I like what Robert Greene has to say on the matter:

“You must see your career or vocational path more as a journey with twists and turns rather than a straight line. You begin by choosing a field or position that roughly corresponds to your inclinations. This initial position offers you room to maneuver and important skills to learn. You don’t want to start with something too lofty, too ambitious— you need to make a living and establish some confidence. Once on this path you discover certain side routes that attract you, while other aspects of this field leave you cold. You adjust and perhaps move to a related field, continuing to learn more about yourself, but always expanding off your skill base.”

Moving into real estate taught me an entirely new skillset I had yet to develop. This included skills in negotiation, sales, marketing, social media, and video production. Gaining these new abilities not only allowed me to further my skillset, but also helped me to learn more about myself.

You Learn More About Yourself

Gaining new skills is indeed valuable, but possessing skills without knowing yourself can be quite underwhelming. Jumping into real estate forced me to confront “scary” parts of my personality and develop a better understanding of my habits, traits, and behavioral patterns.

I also learned that if you’re not willing to examine your own personality and behavioral traits, you’ll never be able to realize your full potential.

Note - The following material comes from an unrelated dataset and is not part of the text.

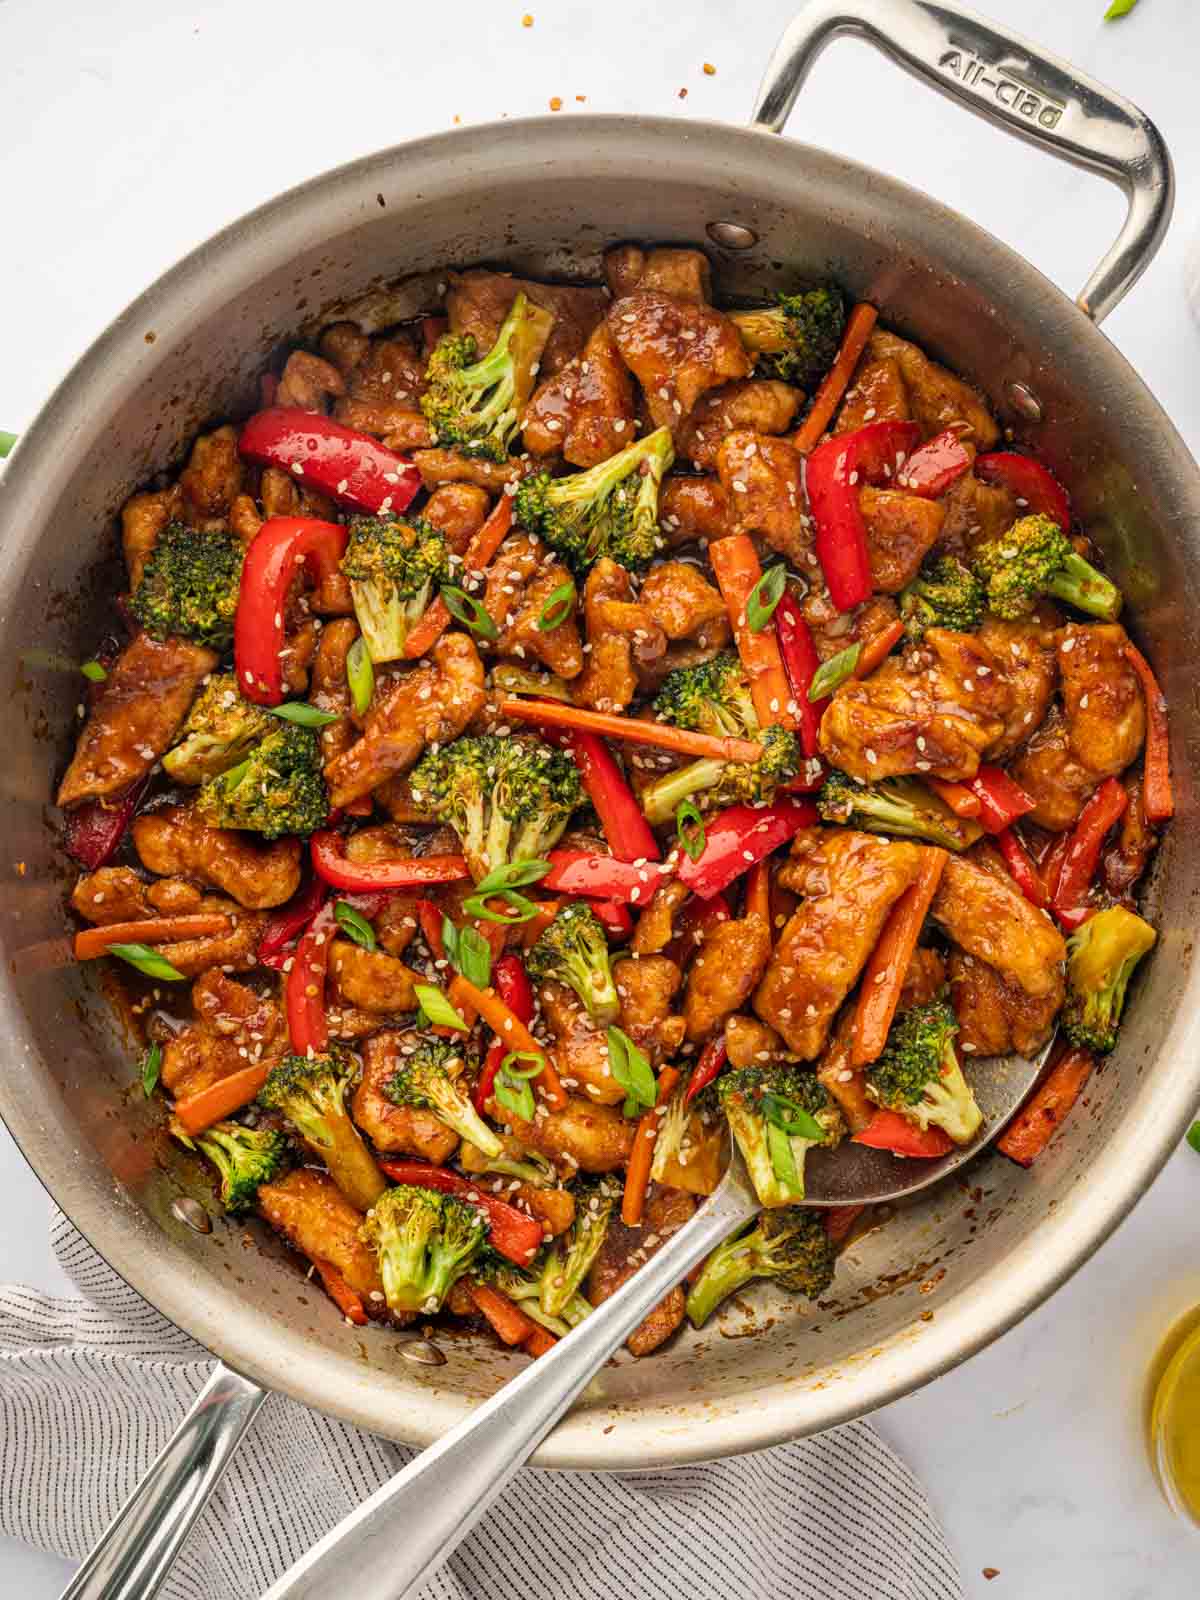 Hunan chicken recipe in a skillet with a spoon.

To grow yourself, you must know yourself.

-John Maxwell

Our normal behavioral patterns and personality traits can only take us so far. But if we want to achieve success, we need to learn about those parts of ourselves that keep us from realizing our full potential. Usually, exploring those areas of ourselves can be uncomfortable, and even painful at times.

Oftentimes, in order to succeed at a high level, we need to take a sober look at those parts of ourselves that we fear looking into. Sometimes, we need to confront past wounds or past trauma. But, it’s important that we don’t run away from that pain or anxiety, but instead lean into that pain so that we can confront those “not-so-appealing” parts about ourselves that keep us from realizing our full potential.

Just a few things that I learned about myself while entering into real estate were:

  1. It’s okay if I fail often and fail fast. I should probably do it more often.
  2. I should focus on progress over perfection.
  3. My self-worth is not correlated to my work.

If I hadn’t chosen to pursue my real estate passion and had chosen to stay “comfortable” at my 9-5, I probably would have never discovered those things about myself. As a result, I now have more confidence in what I can accomplish.

You Rekindle Your Passion For Work

There’s an old adage that marriage counselors give to couples who are in a relationship that’s lost it’s fire: “Get back to dating.”

The same is true with work. If you’ve lost your passion or desire in what you’re doing, sometimes going back to the beginning can help the zest you once had.

When you first began your career, it was probably filled with a lot of excitement. You were constantly learning, pushing yourself outside of your comfort zone, and were intellectually stimulated every day.

But after a while, that passion can begin to rust. When you’re punching the clock at your 9-5, it’s easy to get stuck in a daily routine that doesn’t actually push you to grow.

Venturing into a new side-hustle or career outside of your normal job can be intimidating, but can also prove to reignite your passion for your work (and your life). When I first started making progress and enjoying some success in my real estate career, I was actually having fun! And this fun spread to other areas of my life—my day job, my marriage, my family, and even my spiritual life.

Tony Robbins says it best: “Progress equals happiness.” If you’re making progress in some area of your life, you’re going to be happier.

Wrapping It Up

Pursuing a new passion or side-hustle outside of your W2 job can definitely bring financial benefits, such as helping to pay off debt sooner. But more than those financial benefits are the unexpected advantages of leveling up your skillset, learning more about yourself, and re-igniting the fire in your belly to be something better!

What non-financial benefits have you gained from pursuing your side hustle?